RSA launches sovereign identity deployment for sectors
RSA has launched RSA ID Plus Sovereign Deployment, aimed at organisations that need identity systems to meet data sovereignty requirements.
The product extends RSA's ID Plus identity and access platform with deployment options across private cloud, multi-cloud, on-premises, and air-gapped environments. It is designed for sectors such as government, financial services, critical infrastructure, and healthcare, where systems must remain available while keeping sensitive data within national or organisational boundaries.
The launch reflects growing demand from regulated industries for identity systems that can operate across different infrastructure models without moving data outside approved locations. Data residency requirements, cyber rules, and operational resilience obligations have pushed many organisations to review where identity services are hosted and how they function if internet connectivity is lost or restricted.
The new offer combines authentication, access, directory services, and identity governance and administration in a single deployment model that can be used in different environments. It also supports passwordless authentication methods, including offline options, and can work alongside RSA Authentication Manager to provide backup authentication and access during cloud outages.
RSA presented the product as part of a broader push to support organisations facing tighter oversight and more complex operating conditions. These buyers often need to balance modern identity controls with domestic data handling laws, legacy infrastructure, and isolated networks.
Greg Nelson, chief executive officer at RSA, said the product was built in response to customer concerns over regulation, resilience, and cyber risk.
"RSA ID Plus Sovereign Deployment is a direct response to the intensifying regulatory landscape, operational realities, and emerging threats that our customers face," Nelson said.
He said the product is intended for organisations where identity failure would have significant consequences.
"We built this solution for high-assurance organizations where failure is not an option and where compromise is a non-starter. RSA ID Plus Sovereign Deployment ensures that government agencies, financial services, healthcare, and critical infrastructure maintain the highest standards for data sovereignty, regulatory compliance, and security integrity," Nelson said.
Regulated sectors
Identity security has become a bigger issue for sectors operating under national and sector-specific rules. Governments have introduced measures requiring stronger authentication, better control over privileged access, and tighter handling of personal and sensitive operational data. At the same time, many large organisations still run mixed estates that include cloud services, internal data centres, and disconnected facilities.
The product is aligned with a range of policy and regulatory frameworks, including Executive Order 14028, OMB M-22-09, OMB M-24-14, NIS2, and DORA. These frameworks have raised expectations around cyber resilience, identity assurance, and incident preparedness, particularly in the public sector and among operators of essential services.
RSA also highlighted phishing-resistant passwordless authentication and controls intended to address help desk fraud and bypass attacks. These attack paths have become a growing focus for security teams as threat actors increasingly target identity recovery processes and support channels instead of relying solely on email phishing.
Kevin Orr, president of federal and strategic at RSA, said the launch responds both to a changing threat environment and to the practical complexity customers face.
"In a threat landscape where standing still is its own vulnerability, RSA is raising the bar," Orr said.
He said the product covers a broader set of identity functions across varied deployment environments.
"RSA ID Plus Sovereign Deployment is the first and only full stack identity solution that enables government agencies, financial services, critical infrastructure, and healthcare organizations to modernize their identity infrastructure while meeting regulatory requirements and supporting operational complexity-without ever compromising on security or availability," Orr said.
Market pressure
The announcement comes as identity suppliers compete to show they can support sovereign and local deployment requirements, particularly in Europe and in government-linked projects. Customers in these markets have been looking for alternatives to identity tools that depend heavily on centralised cloud delivery or offer reduced functionality outside a vendor-managed environment.

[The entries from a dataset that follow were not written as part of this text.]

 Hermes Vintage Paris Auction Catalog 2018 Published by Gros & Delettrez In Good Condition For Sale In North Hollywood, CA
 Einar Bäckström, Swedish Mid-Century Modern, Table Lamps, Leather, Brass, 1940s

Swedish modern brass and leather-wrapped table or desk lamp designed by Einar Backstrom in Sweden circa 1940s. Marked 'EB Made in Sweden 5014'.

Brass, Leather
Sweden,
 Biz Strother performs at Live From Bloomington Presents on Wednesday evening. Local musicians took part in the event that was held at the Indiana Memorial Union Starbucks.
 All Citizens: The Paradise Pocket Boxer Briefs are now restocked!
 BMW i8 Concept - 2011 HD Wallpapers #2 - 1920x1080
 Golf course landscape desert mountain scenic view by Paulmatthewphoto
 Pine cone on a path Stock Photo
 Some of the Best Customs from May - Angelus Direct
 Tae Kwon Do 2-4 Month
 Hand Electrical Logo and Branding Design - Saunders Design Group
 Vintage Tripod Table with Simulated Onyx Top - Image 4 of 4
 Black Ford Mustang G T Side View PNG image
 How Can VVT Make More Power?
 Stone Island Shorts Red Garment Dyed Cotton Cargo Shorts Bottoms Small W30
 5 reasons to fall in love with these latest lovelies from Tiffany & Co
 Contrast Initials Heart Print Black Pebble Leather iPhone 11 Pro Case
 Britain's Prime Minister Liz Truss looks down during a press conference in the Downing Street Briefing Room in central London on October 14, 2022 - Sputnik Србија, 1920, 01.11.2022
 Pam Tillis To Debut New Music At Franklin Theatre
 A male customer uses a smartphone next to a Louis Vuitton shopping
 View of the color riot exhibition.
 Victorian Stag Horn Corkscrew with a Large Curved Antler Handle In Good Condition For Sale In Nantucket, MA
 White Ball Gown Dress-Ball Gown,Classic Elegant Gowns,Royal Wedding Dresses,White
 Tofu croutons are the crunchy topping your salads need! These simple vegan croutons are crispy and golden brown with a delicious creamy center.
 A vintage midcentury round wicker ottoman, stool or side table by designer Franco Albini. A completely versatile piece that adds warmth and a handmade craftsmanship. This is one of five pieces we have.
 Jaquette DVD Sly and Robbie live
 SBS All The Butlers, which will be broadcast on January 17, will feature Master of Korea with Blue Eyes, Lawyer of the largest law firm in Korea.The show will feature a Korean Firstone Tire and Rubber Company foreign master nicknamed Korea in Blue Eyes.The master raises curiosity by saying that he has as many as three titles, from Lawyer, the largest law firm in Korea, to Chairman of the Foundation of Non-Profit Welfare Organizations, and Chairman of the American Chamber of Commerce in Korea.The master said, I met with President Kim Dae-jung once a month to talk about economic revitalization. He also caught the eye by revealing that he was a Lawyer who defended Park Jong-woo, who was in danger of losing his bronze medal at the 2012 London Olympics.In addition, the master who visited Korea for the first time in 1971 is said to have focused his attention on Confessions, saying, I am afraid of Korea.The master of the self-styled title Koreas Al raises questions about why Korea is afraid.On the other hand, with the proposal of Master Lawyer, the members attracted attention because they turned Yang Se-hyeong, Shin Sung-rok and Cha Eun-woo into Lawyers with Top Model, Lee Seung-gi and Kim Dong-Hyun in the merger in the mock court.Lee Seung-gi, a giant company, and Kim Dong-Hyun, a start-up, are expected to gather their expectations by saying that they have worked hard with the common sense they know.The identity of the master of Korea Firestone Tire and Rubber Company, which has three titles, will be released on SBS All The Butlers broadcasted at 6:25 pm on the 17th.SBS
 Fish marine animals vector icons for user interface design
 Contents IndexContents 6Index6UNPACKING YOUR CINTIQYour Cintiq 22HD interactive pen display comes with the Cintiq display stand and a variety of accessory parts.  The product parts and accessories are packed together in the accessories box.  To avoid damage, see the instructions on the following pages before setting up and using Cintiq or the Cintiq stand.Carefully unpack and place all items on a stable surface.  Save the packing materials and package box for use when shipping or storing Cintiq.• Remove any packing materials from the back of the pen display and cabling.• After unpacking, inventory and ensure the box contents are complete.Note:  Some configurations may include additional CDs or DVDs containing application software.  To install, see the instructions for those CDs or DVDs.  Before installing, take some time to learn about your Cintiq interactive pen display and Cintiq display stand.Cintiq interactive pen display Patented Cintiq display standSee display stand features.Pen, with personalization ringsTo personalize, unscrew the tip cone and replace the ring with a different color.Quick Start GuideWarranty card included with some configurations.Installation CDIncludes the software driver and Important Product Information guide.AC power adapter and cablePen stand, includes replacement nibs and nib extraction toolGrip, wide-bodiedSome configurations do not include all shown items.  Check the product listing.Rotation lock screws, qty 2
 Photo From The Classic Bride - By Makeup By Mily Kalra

For RSA, the launch also underlines an effort to position its identity portfolio around organisations with complex assurance needs, rather than focusing solely on mainstream enterprise cloud adoption. More than 9,000 organisations use its products to manage more than 60 million identities across on-premises, hybrid, and multi-cloud environments, according to the company.
By focusing on deployment flexibility and continuity during outages, RSA is targeting a part of the identity market where infrastructure choices are often shaped as much by policy, risk, and physical operating conditions as by cost or convenience.
The product supports environments as restrictive as air-gapped systems and mobile-free secure rooms, extending identity controls into settings where external connectivity and standard user devices may not be available.